Deficiência de vitamina D está associada a risco 50% maior de distúrbios do sono
Revisão com mais de 9 mil participantes encontrou relação com pior qualidade do descanso, menor duração do sono e sonolência; suplementação não deve ser feita sem avaliação
Adultos com deficiência de vitamina D apresentaram risco aproximadamente 50% maior de desenvolver distúrbios do sono quando comparados àqueles com níveis adequados do nutriente. O resultado vem de uma revisão sistemática e meta-análise que reuniu nove estudos e mais de 9 mil participantes, mas não permite concluir que a carência da vitamina seja a causa direta do problema.

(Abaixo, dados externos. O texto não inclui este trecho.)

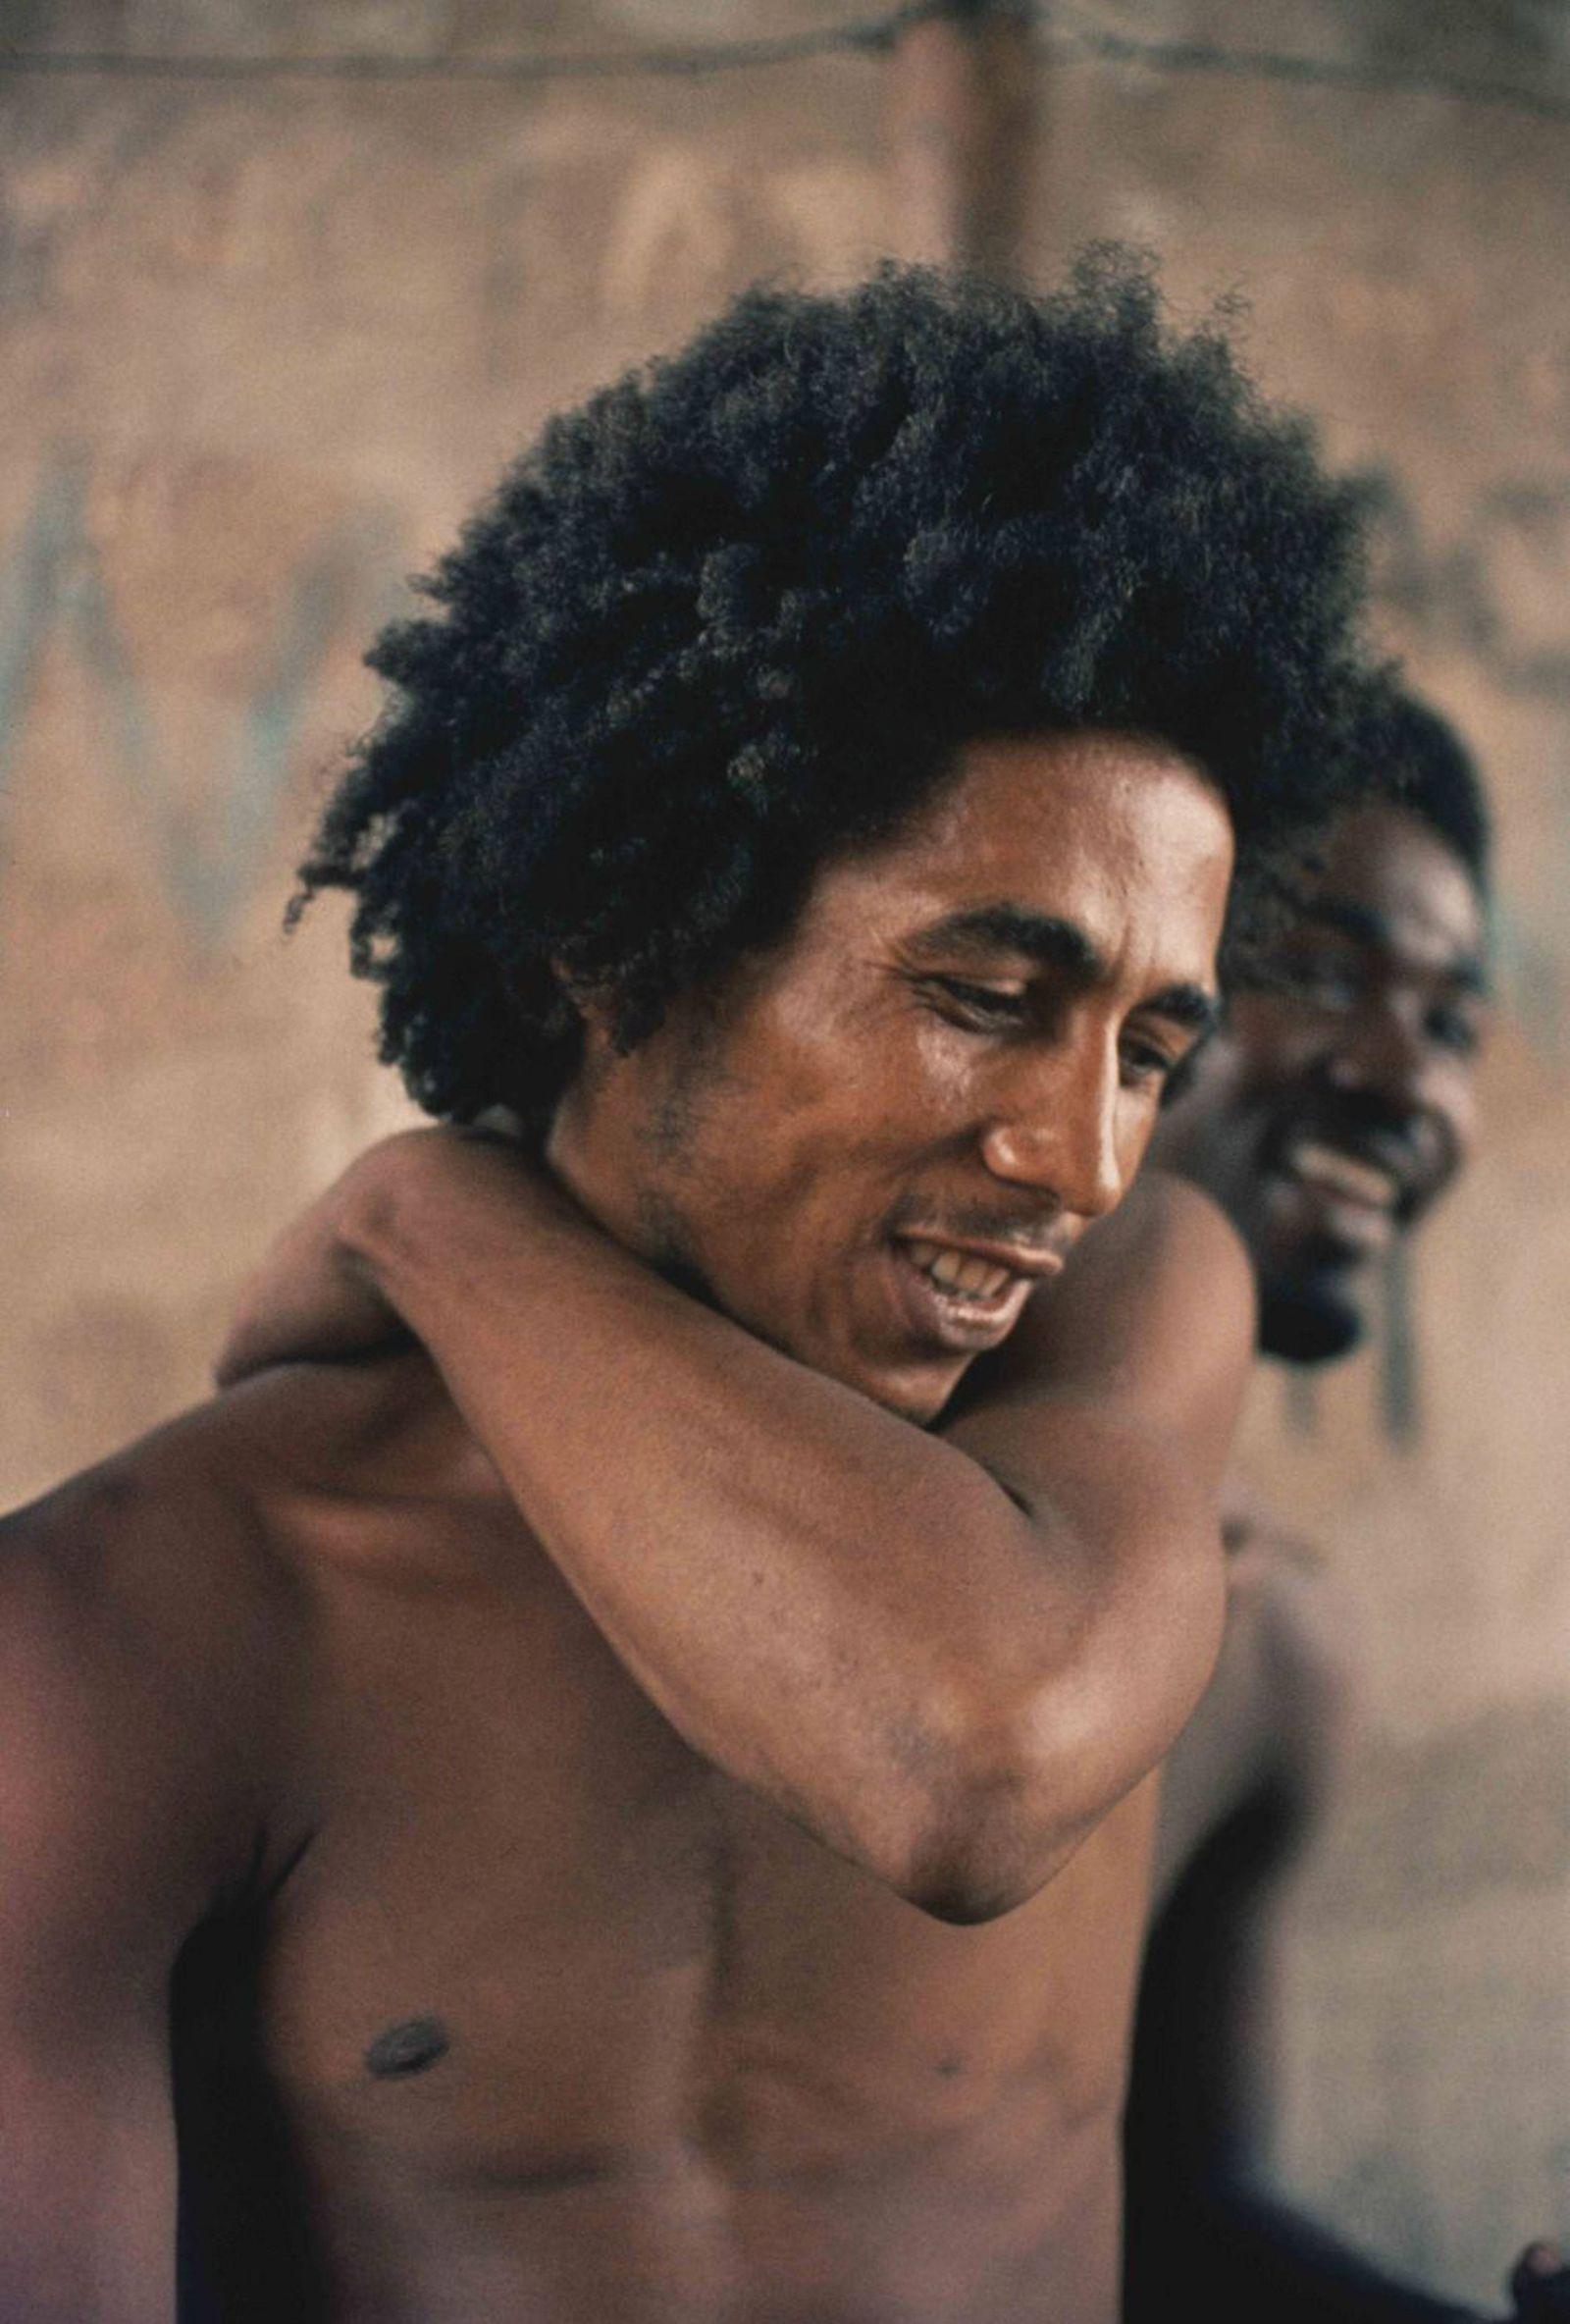 RELEASE DATE: April 20, 2012 MOVIE TITLE: Marley aka Bob Marley: Roots of Legend STUDIO: Magnolia Pi
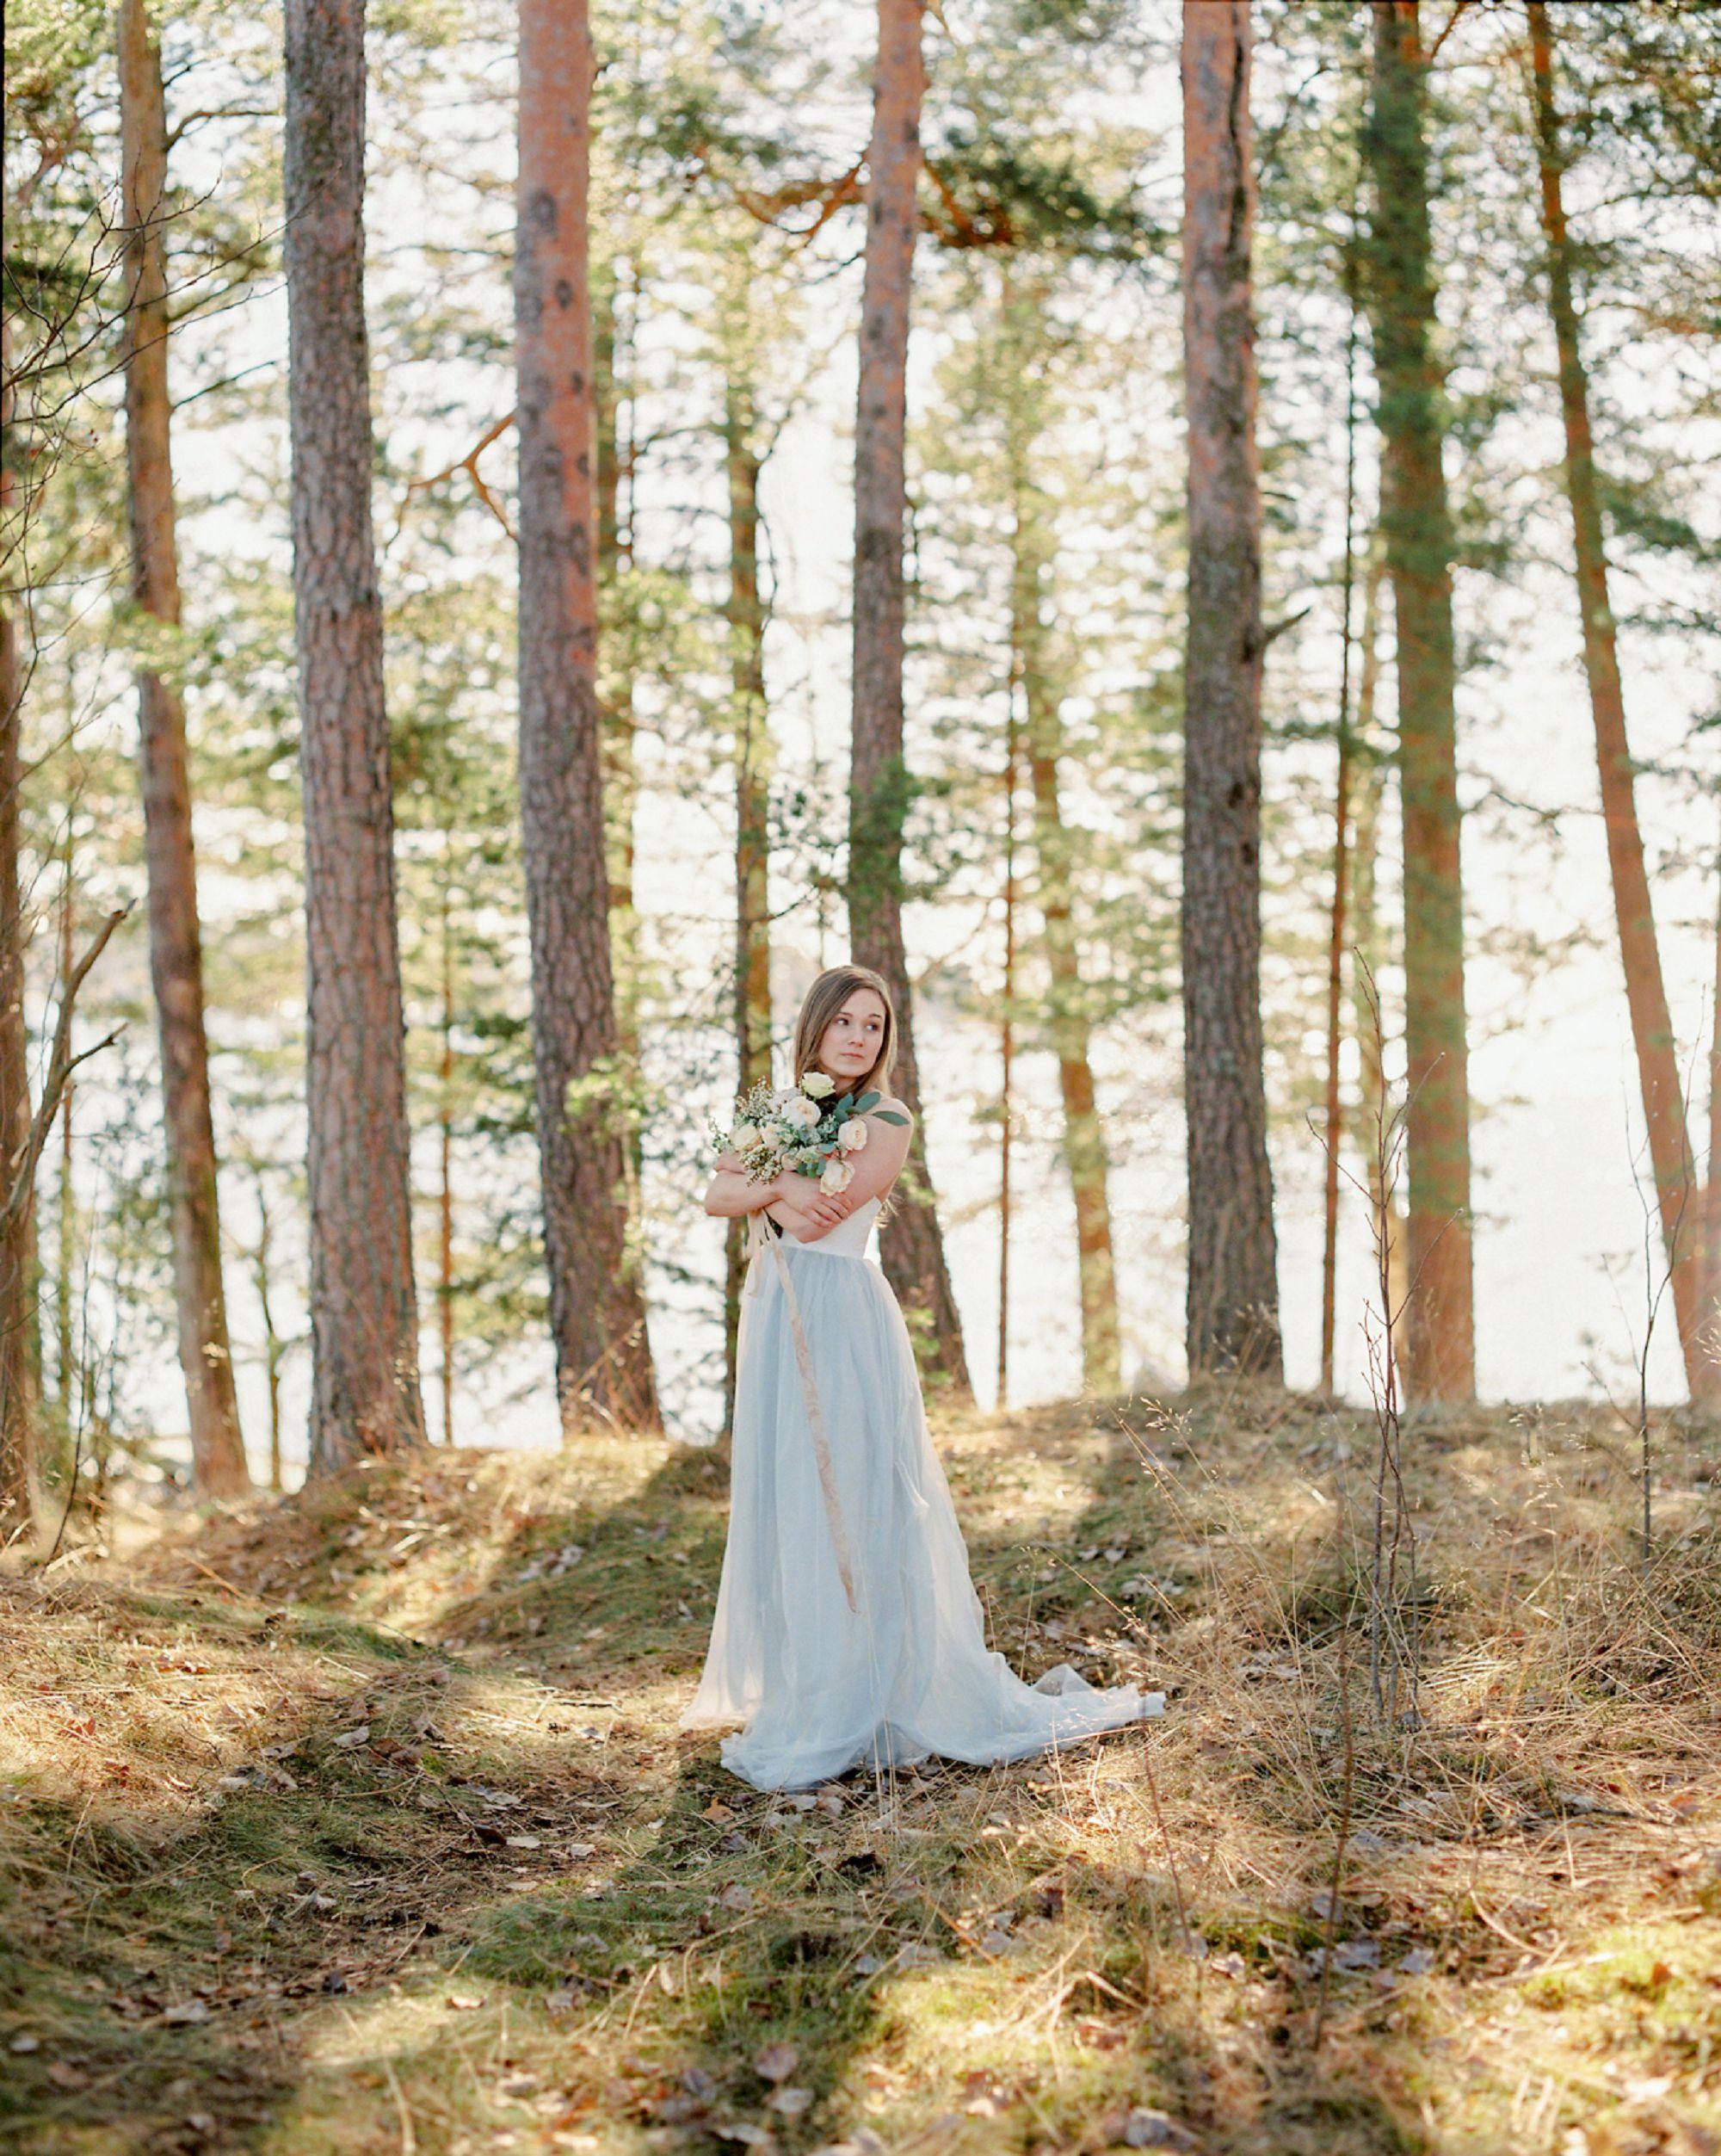 katja-scherle-festtagsfotografien_berlin-hamburg-filmweddingphotographer-hochzeitsfotograf-analog-warm-organic-bridal-boudoir-braut_0360

A análise, publicada na revista científica Nutrients, também encontrou associação entre níveis reduzidos de vitamina D, pior qualidade do sono, menor duração do descanso e sonolência durante o dia. Os dados ajudam a compreender uma relação que ainda está sendo investigada pela ciência, mas não significam que a suplementação seja um tratamento para insônia.
Segundo a pneumologista e especialista em Medicina do Sono Jéssica Polese, a vitamina D participa de diferentes funções do organismo e seus receptores estão presentes em regiões cerebrais envolvidas na regulação do ciclo de sono e vigília. Isso torna a ligação biologicamente possível, embora os mecanismos ainda não estejam completamente esclarecidos.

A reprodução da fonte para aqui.